Accordingly, there is a technical advantage in using this arrangement since the fast-scan image misregistration problems encountered with laser printers are eliminated. This occurs because there is no rotating polygon mirror system with which to contend. The slow-scan banding typically created by drum speed variations can also be eliminated by adjusting the control of the dual row of deformable mirrors so as to modify the spacing of the individual dots of the image and compensate electronically for the mechanical variation.
A further technical advantage of this printing system is that it is suitable for narrow width printing tasks, as well as for high speed, high quality, high reliability situations. The quality of the printing can be even further enhanced by adding more pixels to the DMD. In addition, the entire exposure unit can be replaced as a whole, and all essential parts of the printer can be replaced by the user as necessary. Calibration techniques are not difficult and the tungsten halogen light presents no hazard to users or maintenance workers.
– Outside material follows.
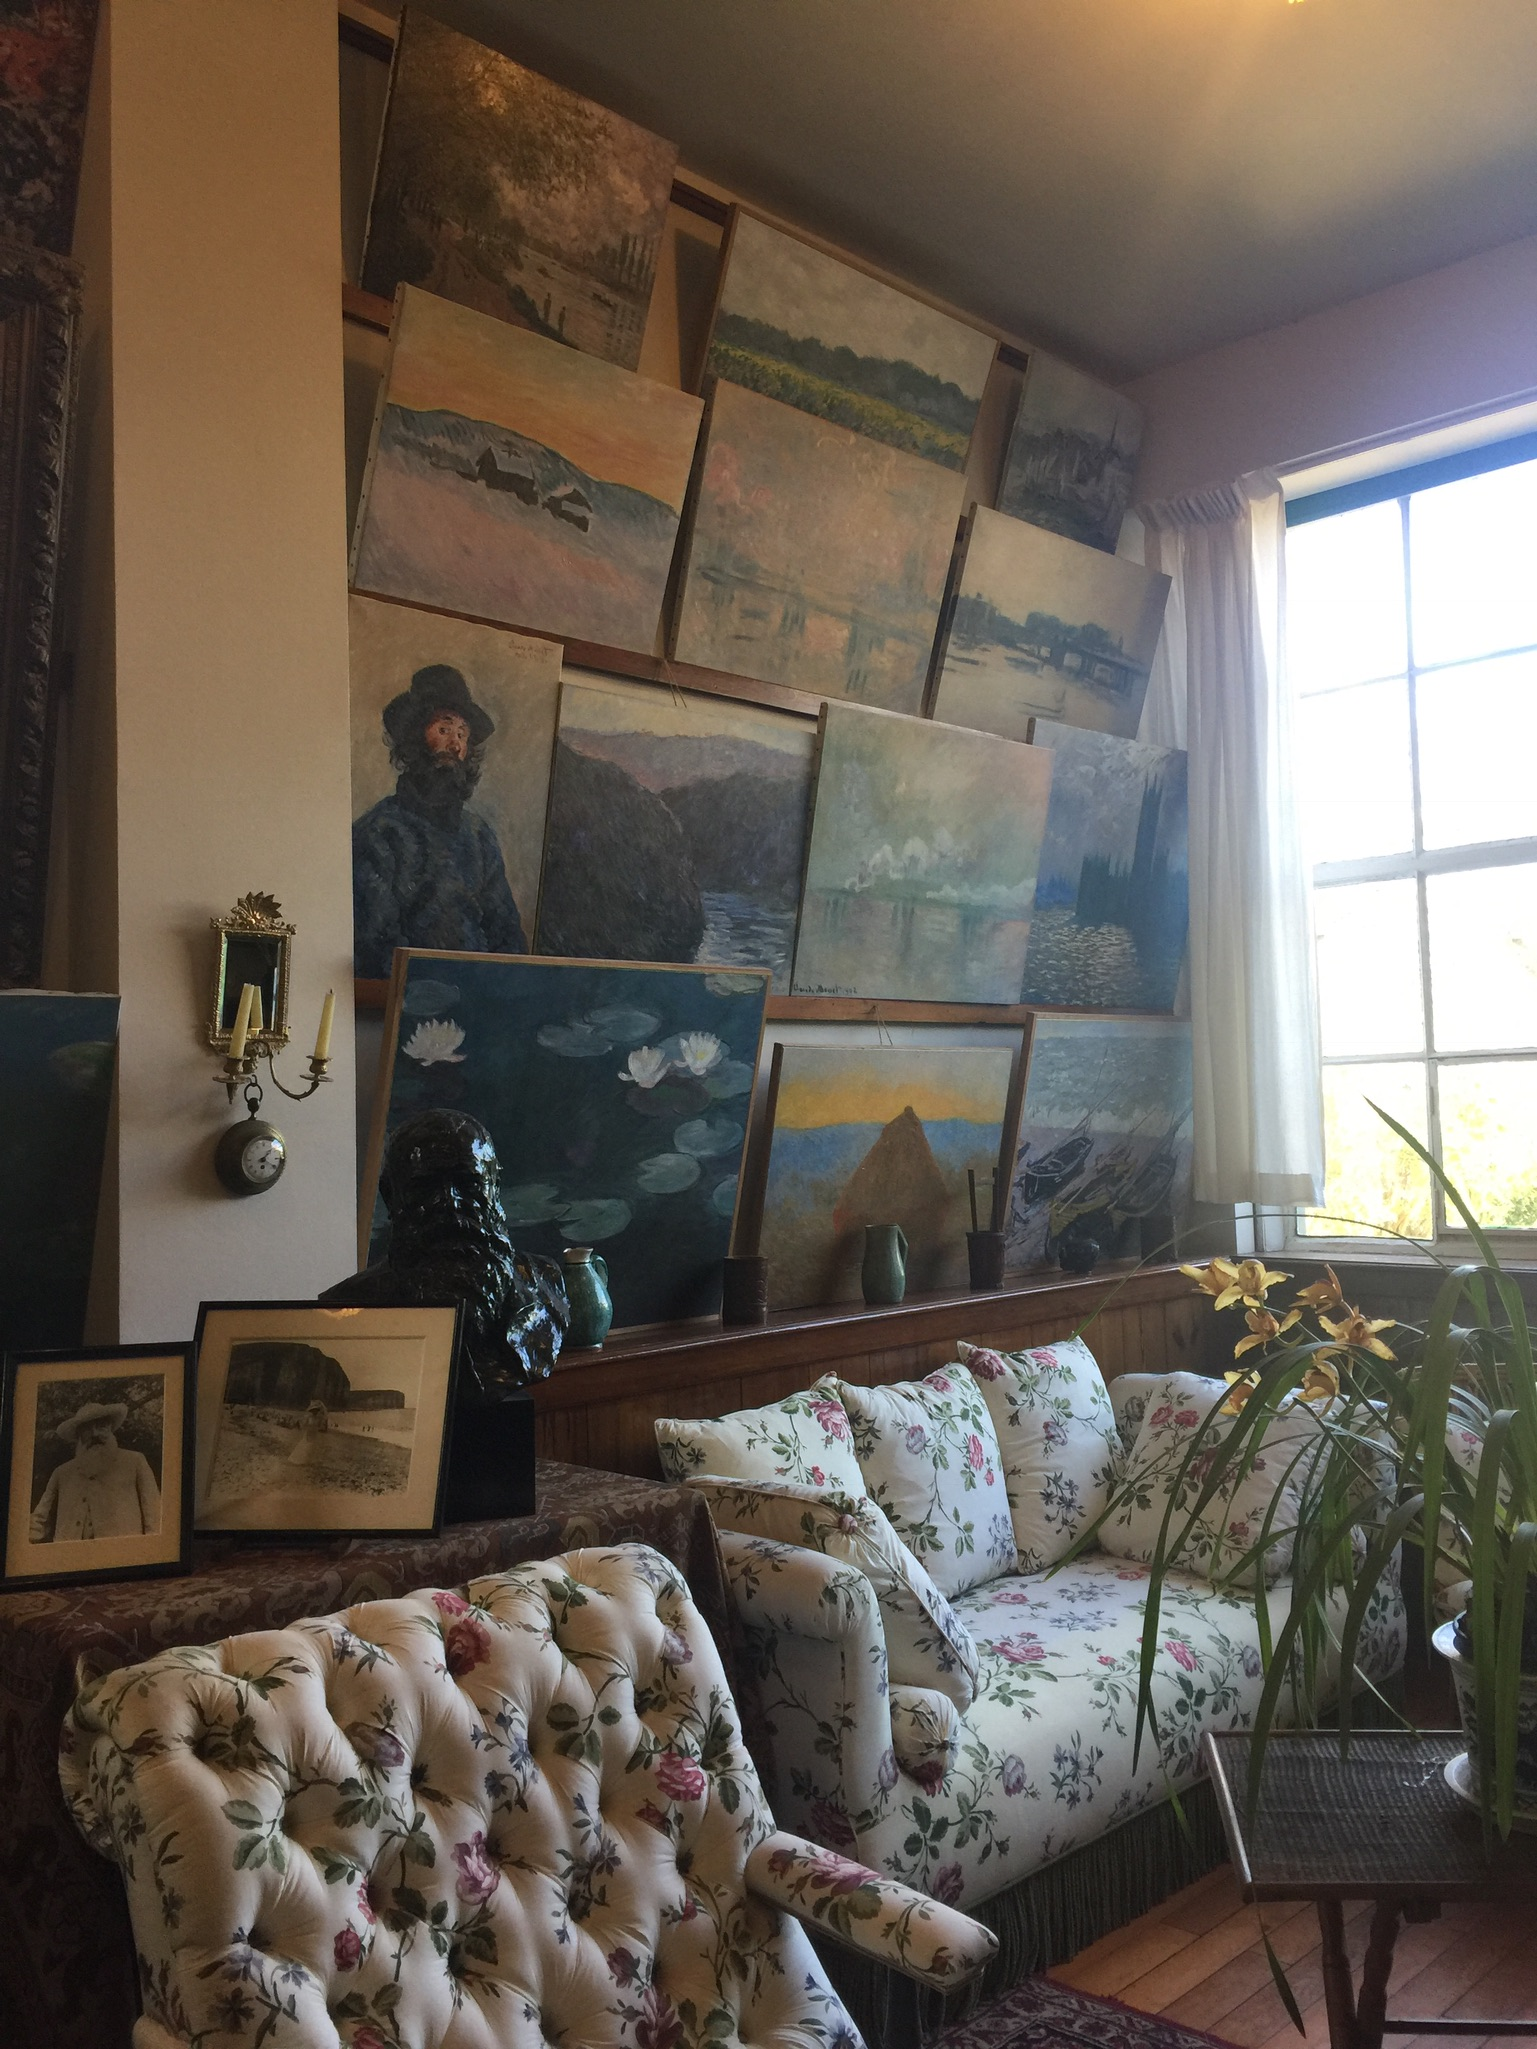 Monet's home studio with replica paintings

A still further technical advantage is achieved by arranging an image generating exposure unit with a source of light and an exit for passing modulated light out of the exposure unit, and with an array of spatial light modulator elements separately positioned from the light source such that unmodulated light from the source falls on the array elements and is selectively reflected from modulated ones of the array onto an imaging apparatus adapted for communicating the reflected light to the exit and having an integral light baffle interposed between the array and the focusing apparatus, all in a compact, rugged, unitary molded assembly.
BRIEF DESCRIPTION OF THE DRAWINGS
For a more complete understanding of the present invention and further advantages thereof, reference is now made to the following Detailed Description, taken in conjunction with the accompanying Drawings, in which:
FIG. 1 is a perspective exploded drawing of the exposure unit of a printing system;
FIG. 2 is a top view of the exposure unit;
FIG. 3 is a bottom view of the exposure unit;
FIG. 4 is a right side view of the exposure unit taken along line 4--4 of FIG. 2;
FIGS. 5A and 5B are views of the bee thorax portion of the exposure unit also taken along line 4--4 of FIG. 2;
FIGS. 6A and 6B are perspective views of the deformable mirror device (DMD) used in the exposure unit;
FIGS. 7A and 7B are schematic views showing the optic path of the exposure, unit;
FIG. 8A and 8B show the interaction of the optic path with a xerographic printing drum;
FIG. 9A, 9B and 9C show details of sequential printing of even and odd pixels for a two row DMD;
FIG. 10A and 10B show an example of coupon printing stock and printing thereon;
FIG. 11 shows a perspective view of a printing system with the left side door open;
FIG. 12 shows details of the shuttle mechanism which moves coupons from one side of the printing system to the other side;
FIG. 13 shows a perspective view of a printing system with the right side door open;
FIG. 14 shows details of the multiple stock feeding mechanism;
FIG. 15 shows details of the sorting mechanism used to control the output of the printing system;
FIG. 16 shows details of the xerographic printing drum module, toner/developer module, exposure module and fuser module;
FIG. 17 shows details of the burster mechanism;
FIG. 18 shows coupling between the exposure and reproductive units;
FIG. 19 shows a flow chart of the operation of the toner monitor system;
FIG. 20 shows the preferred embodiment of a printer housing;
FIG. 21 shows a device for positioning a DMD in a module;
FIGS. 22-25 show a system and procedure for controlling a positioning device in a manufacturing process;
FIG. 26 shows the replaceable fuser unit;
FIG. 27 shows the replaceable photoreceptor cartridge;
FIG. 28 shows the replaceable developer unit; and
FIG. 29 shows the replaceable exposure unit.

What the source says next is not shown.